Catalysts, if employed, are added to the resin blend in an amount of from about 0.05 to 5 weight %, and preferably from about 0.1-2.0 weight %. The amount of catalyst based on the weight of all foaming ingredients is from about 0.5 to about 5 percent by weight, and preferably from about 1 to about 4 percent by weight.
The resin blend compositions can also contain optional additives. For example, the additives can include one more of a cell stabilizing surfactant, flame retardants, pigments, and fillers.
The resin blend of the present technology can be mixed with an isocyanate to produce a polyurethane or polyisocyanurate foam. The isocyanate component is preferably a polyisocyanate, herein defined as having two or more isocyanate functionalities. Examples of these include conventional aliphatic, cycloaliphatic, and preferably aromatic isocyanates. Specific examples include: alkylene diisocyanates with 4 to 12 carbons in the alkylene radical such as 1,12-dodecane diisocyanate, 2-ethyl-1,4-tetramethylene diisocyanate, 2-methyl-1,5-pentamethylene diisocyanate, 1,4-tetramethylene diisocyanate and 1,6-hexamethylene diisocyanate; cycloaliphatic diisocyanates such as 1,3- and 1,4-cyclohexane diisocyanate as well as any mixtures of these isomers, 1-isocyanato-3,3,5-trimethyl-5-isocyanatomethylcyclohexane (isophorone diisocyanate), 2,4- and 2,6-hexahydrotoluene diisocyanate and the corresponding isomeric mixtures 4,4′-2,2′- and 2,4′-dicyclohexylmethane diisocyanate as well as the corresponding isomeric mixtures and preferably aromatic diisocyanates and polyisocyanates such as 2,4- and 2,6-toluene diisocyanate and the corresponding isomeric mixtures, and 2,2′-diphenylmethane diisocyanate and the corresponding isomeric mixtures, mixtures of 4,4′-, 2,4′-, and 2,2-diphenylmethane diisocyanates and polyphenylene polymethylene polyisocyanates (crude MDI).
In one embodiment, the polyisocyanate component used in conjunction with the resin blend of the present technology is a polymeric diphenylmethane diisocyanate (MDI) having a nominal functionality of approximately 2.7-3.0, and an NCO content of approximately 31 weight percent.
Generally, the isocyanate and the resin blend are combined at an isocyanate index of about 90 to about 150, preferably about 100 to about 125, for polyurethane foam and from about 150 to about 400, preferably about 250 to about 350 for polyisocyanurate foam.

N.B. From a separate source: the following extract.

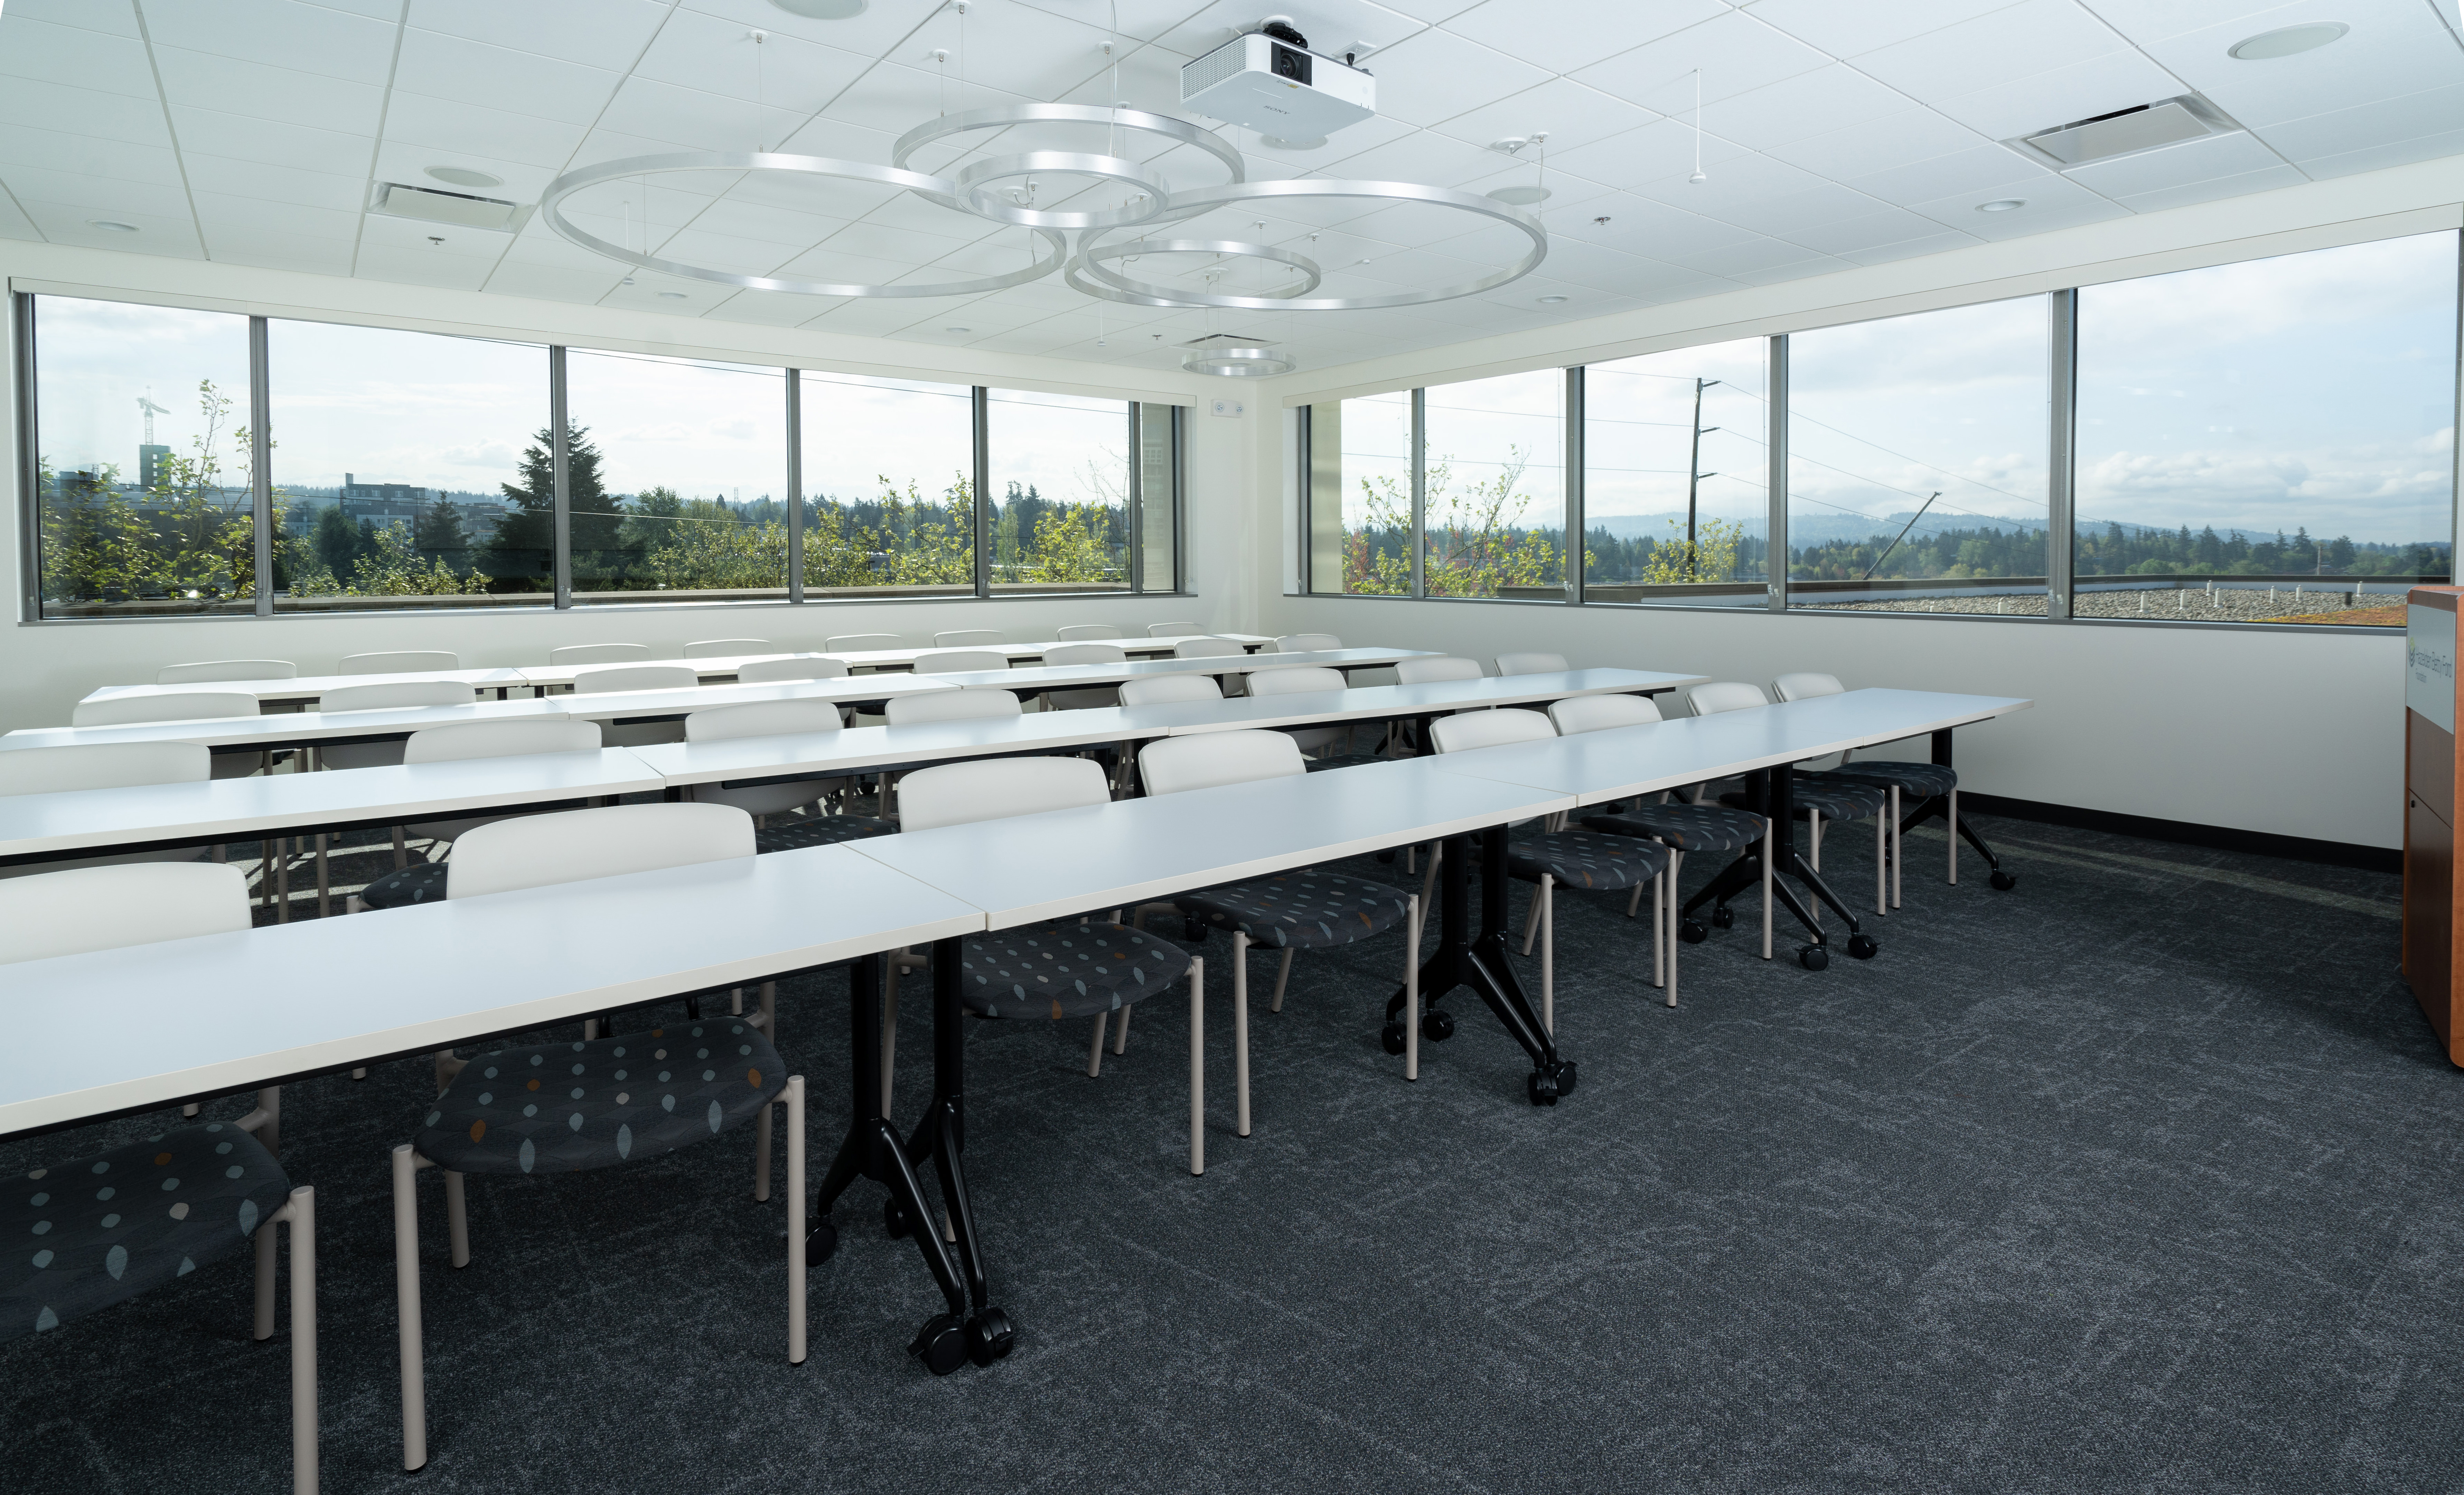 The Bellevue meeting room with bright windows, chairs and desks

The polyester polyols of the present technology can be used to make polyurethane and polyisocyanurate foams for both rigid and non-rigid foam uses. For example, they can be used to make polyurethane spray foams, pour-in-place foams, bunstock foams and laminates.
The polyester polyols of the present technology can also be used in polyurethane non-foam applications. For example, the polyester polyols can be used in sealants, elastomers, coatings or adhesive products.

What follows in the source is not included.